Das hätte mich beinahe auf dumme Gedanken gebracht: Slide 8.0 kaufen, Laufräder, Gabel, Dämpfer, Bremsen verkaufen und mit anderen Teilen sinnvoll als stabiles AM aufbauen: Durolux, Monarch+, SLX-Bremsen, Laufräder mit 25mm Innenbreite (wie breit sind die verbauten Inferno eigentlich?)...

Bleibt der mit 68,3° sehr steile Lenkwinkel: flacher als 67° bekommt man den wahrscheinlich auch mit Angleset nicht


----------



## Pizzaplanet (28. Oktober 2012)

oder gleich ein propain. headline II kaufen. da haste he Lyrik, nen Monarch Plus, breite felgen und ns ordentliche Bremse.


----------



## MTB-News.de




----------



## duc-mo (28. Oktober 2012)

mw.dd schrieb:


> Bleibt der mit 68,3° sehr steile Lenkwinkel: flacher als 67° bekommt man den wahrscheinlich auch mit Angleset nicht



Kann man beim 150er den Lenkwinkel verstellen?

Die längere Gabel macht den Winkel nochmal flacher...


----------



## mw.dd (28. Oktober 2012)

duc-mo schrieb:


> Kann man beim 150er den Lenkwinkel verstellen?
> ...



Nein, serienmäßig nicht.
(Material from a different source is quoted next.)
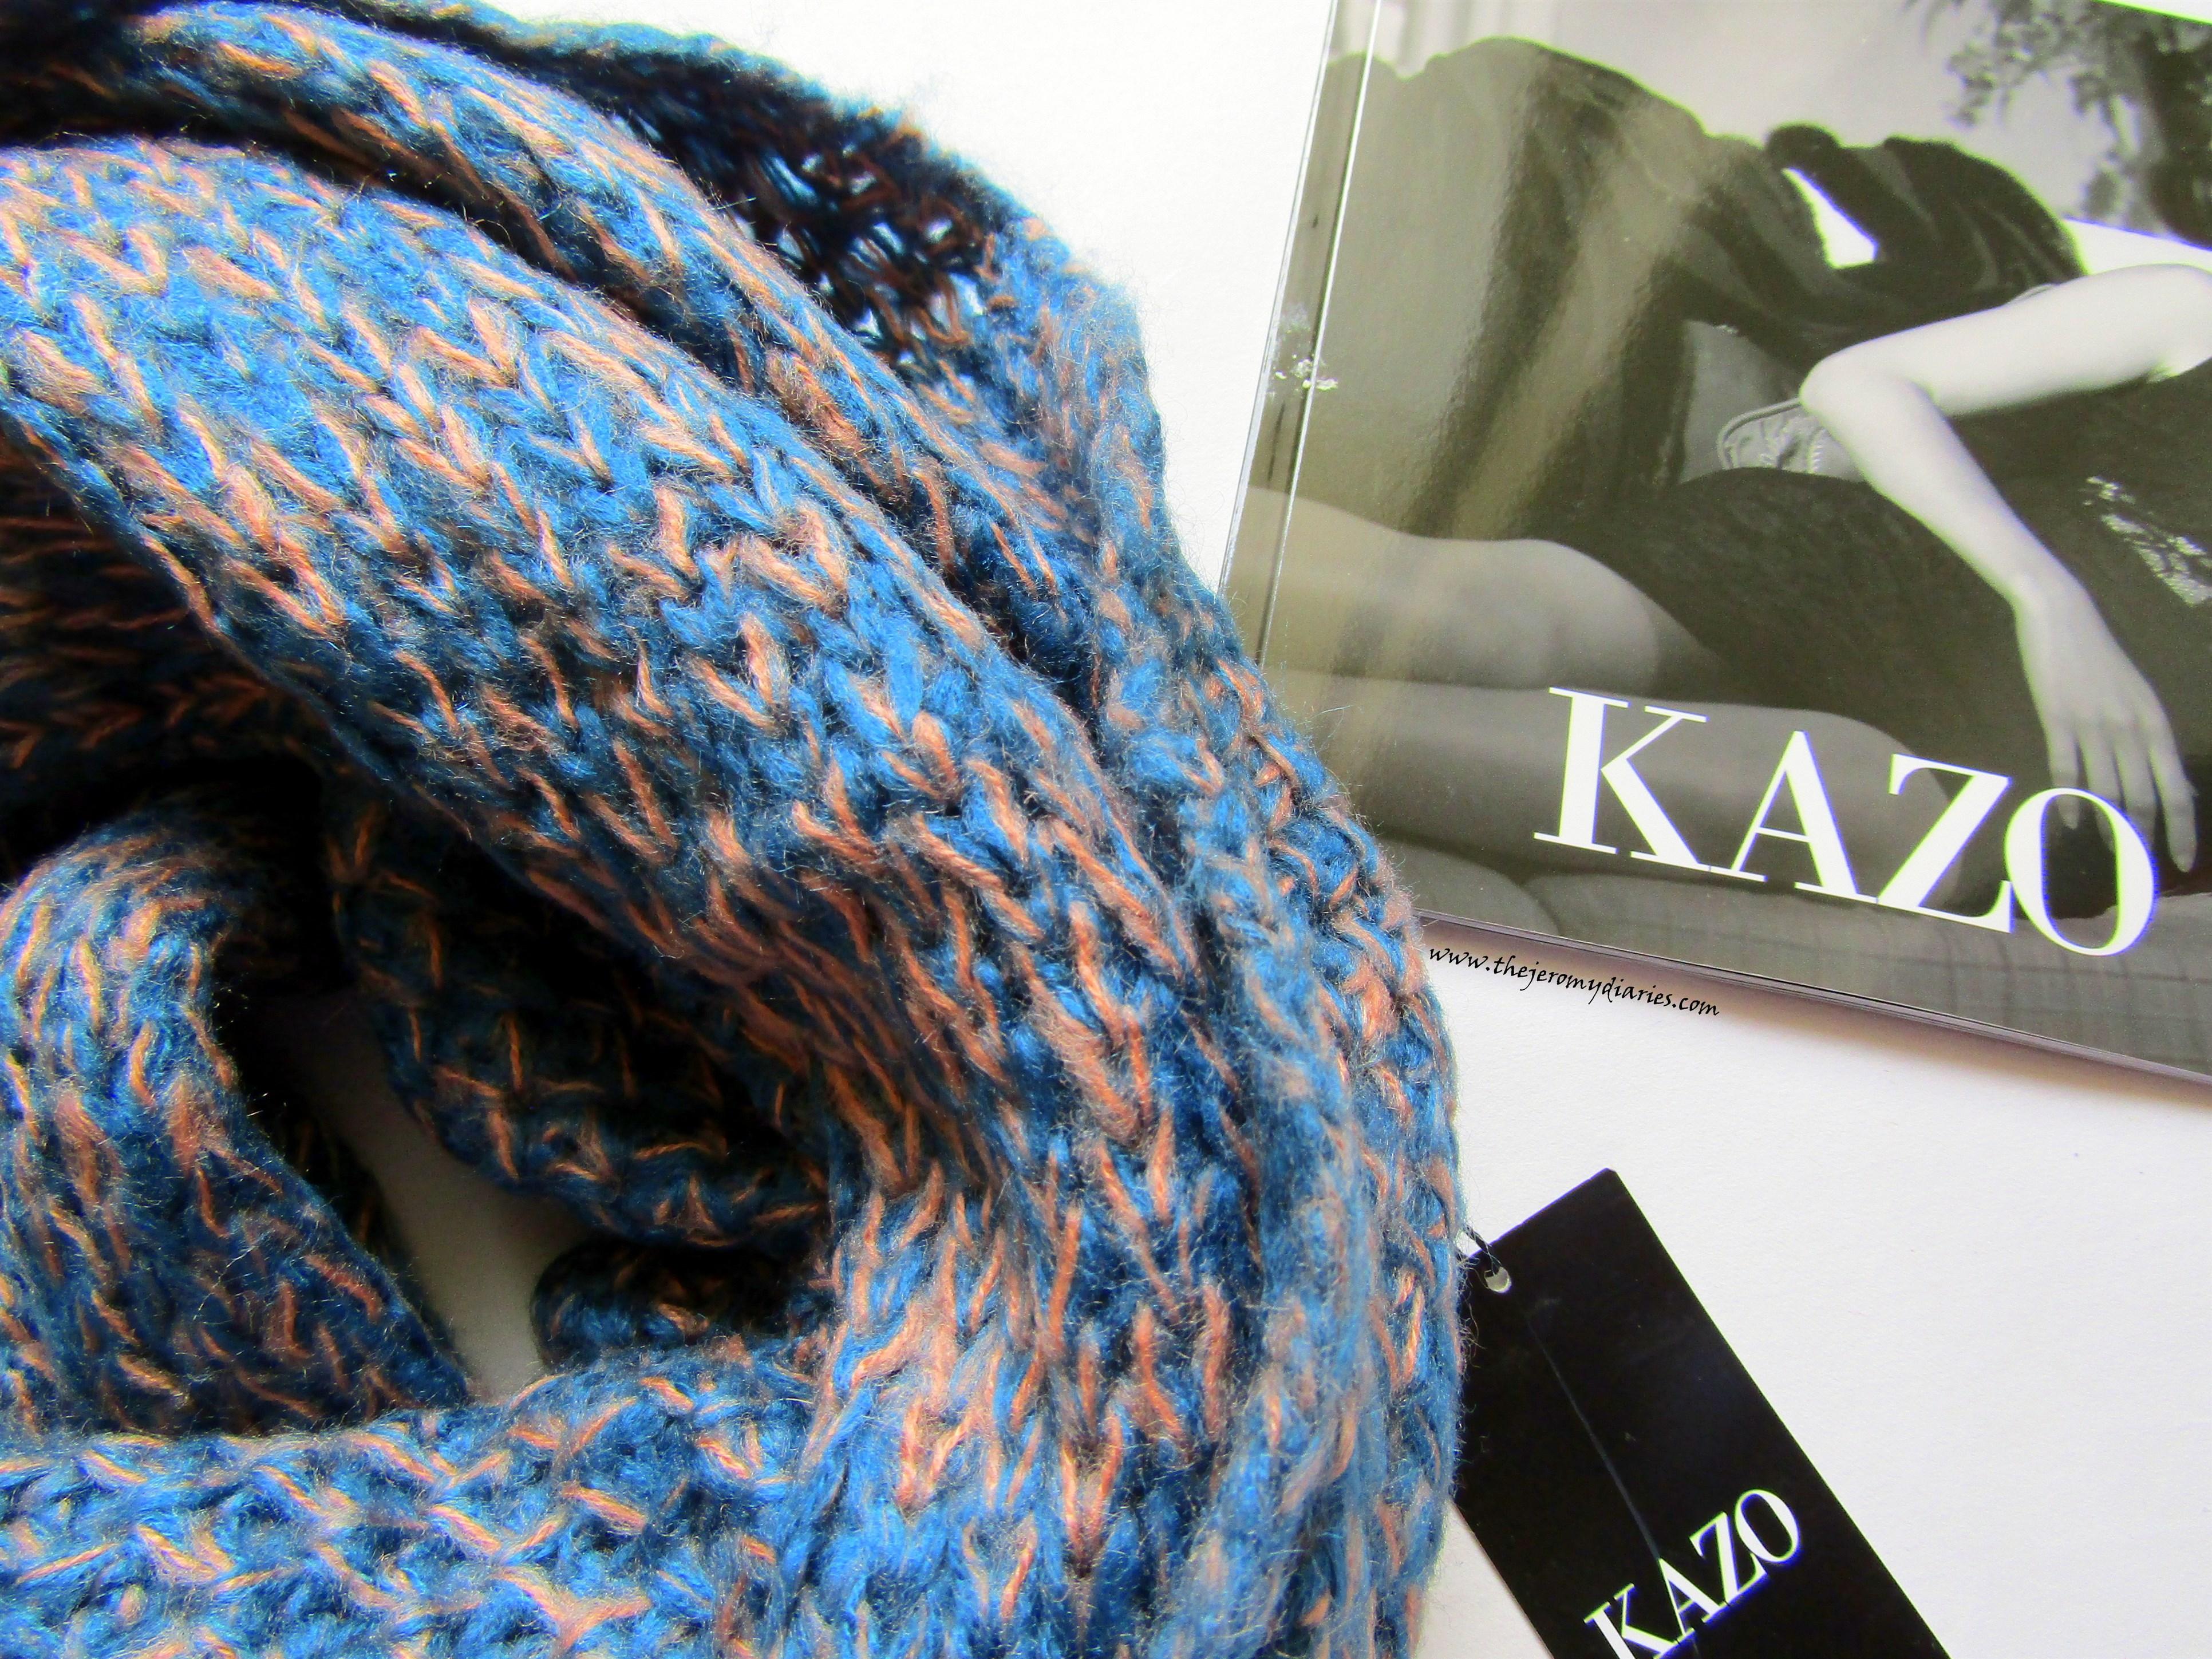 kazo scarves for women the jeromy diaries (3864 x 2898)

Deswegen Angleset einbauen; gibt es von CaneCreek oder works components.



duc-mo schrieb:


> ...
> Die längere Gabel macht den Winkel nochmal flacher...



Mein Ziel wäre 66°
20mm Einbauhöhe Gabel machen 1°. Ich wollte aber eigentlich max. 160mm fahren, nur eben mit Standrohrdurchmesser >32mm. "Stabiles AM" halt


----------



## mw.dd (28. Oktober 2012)

Pizzaplanet schrieb:


> oder gleich ein propain. headline II kaufen. da haste he Lyrik, nen Monarch Plus, breite felgen und ns ordentliche Bremse.
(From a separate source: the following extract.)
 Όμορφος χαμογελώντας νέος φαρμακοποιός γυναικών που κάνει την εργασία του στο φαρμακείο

An sich gute Idee. Aber ISCG fehlt, und das Gewicht ist relativ hoch...


----------



## duc-mo (28. Oktober 2012)

mw.dd schrieb:


> Nein, serienmäßig nicht. Deswegen Angleset einbauen; gibt es von CaneCreek oder works components.
> 
> Mein Ziel wäre 66°
> 20mm Einbauhöhe Gabel machen 1°. Ich wollte aber eigentlich max. 160mm fahren, nur eben mit Standrohrdurchmesser >32mm. "Stabiles AM" halt



Danke für die Aufklärung. Das System kannte ich noch nicht, hört sich aber sehr vielversprechend an! Verstehe ich das richtig... Das 150er hat nen tapered Lenkkopf. Gabel und und Steuersatz nehme ich raus und verbaue dafür eine normale 1 1/8 Gabel mit dem Angleset. Mit dem kann ich dann den Winkel um bis zu 1.5° flacher einstellen?
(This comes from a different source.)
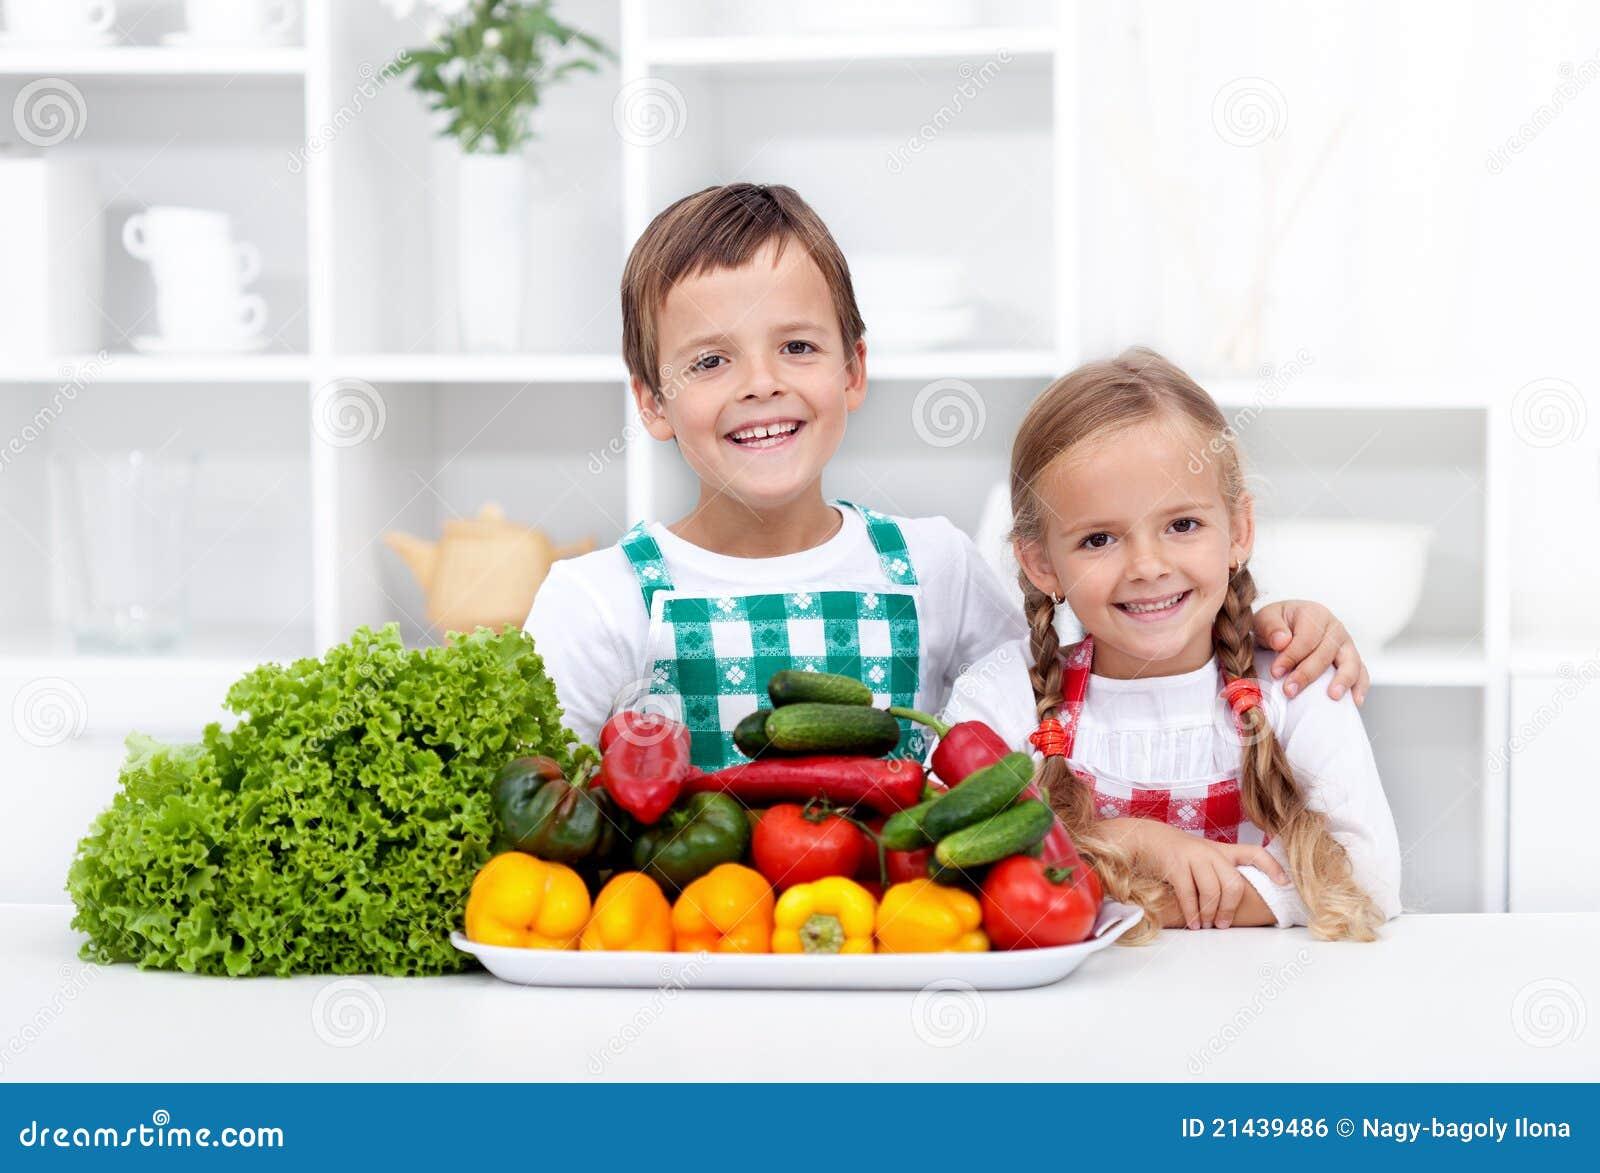 Happy Kid Eating Healthy

Damit wird aus 68.2° ein Winkel von 66.7° durch den Angleset und mit einer 160er Gabel kannst du noch nen 1/2° abziehen bist bei 66.2°. So weit von 66° wärst du damit ja nicht mehr entfernt...


----------



## mw.dd (28. Oktober 2012)

duc-mo schrieb:


> Danke für die Aufklärung. Das System kannte ich noch nicht, hört sich aber sehr vielversprechend an! Verstehe ich das richtig... Das 150er hat nen tapered Lenkkopf. Gabel und und Steuersatz nehme ich raus und verbaue dafür eine normale 1 1/8 Gabel mit dem Angleset. Mit dem kann ich dann den Winkel um bis zu 1.5° flacher einstellen?
> ...



So ist es m.W.n. gedacht. Ob es für das Steuerohr des Slide ein passendes Lager gibt, das 1,5° Verstellung erlaubt (möglicherweise klappt das nur für 1,5" durchgehendes Steuerrohr), muß sich aber mal einer der Experten anschauen.


----------



## Pizzaplanet (28. Oktober 2012)

mw.dd schrieb:


> An sich gute Idee. Aber ISCG fehlt, und das Gewicht ist relativ hoch...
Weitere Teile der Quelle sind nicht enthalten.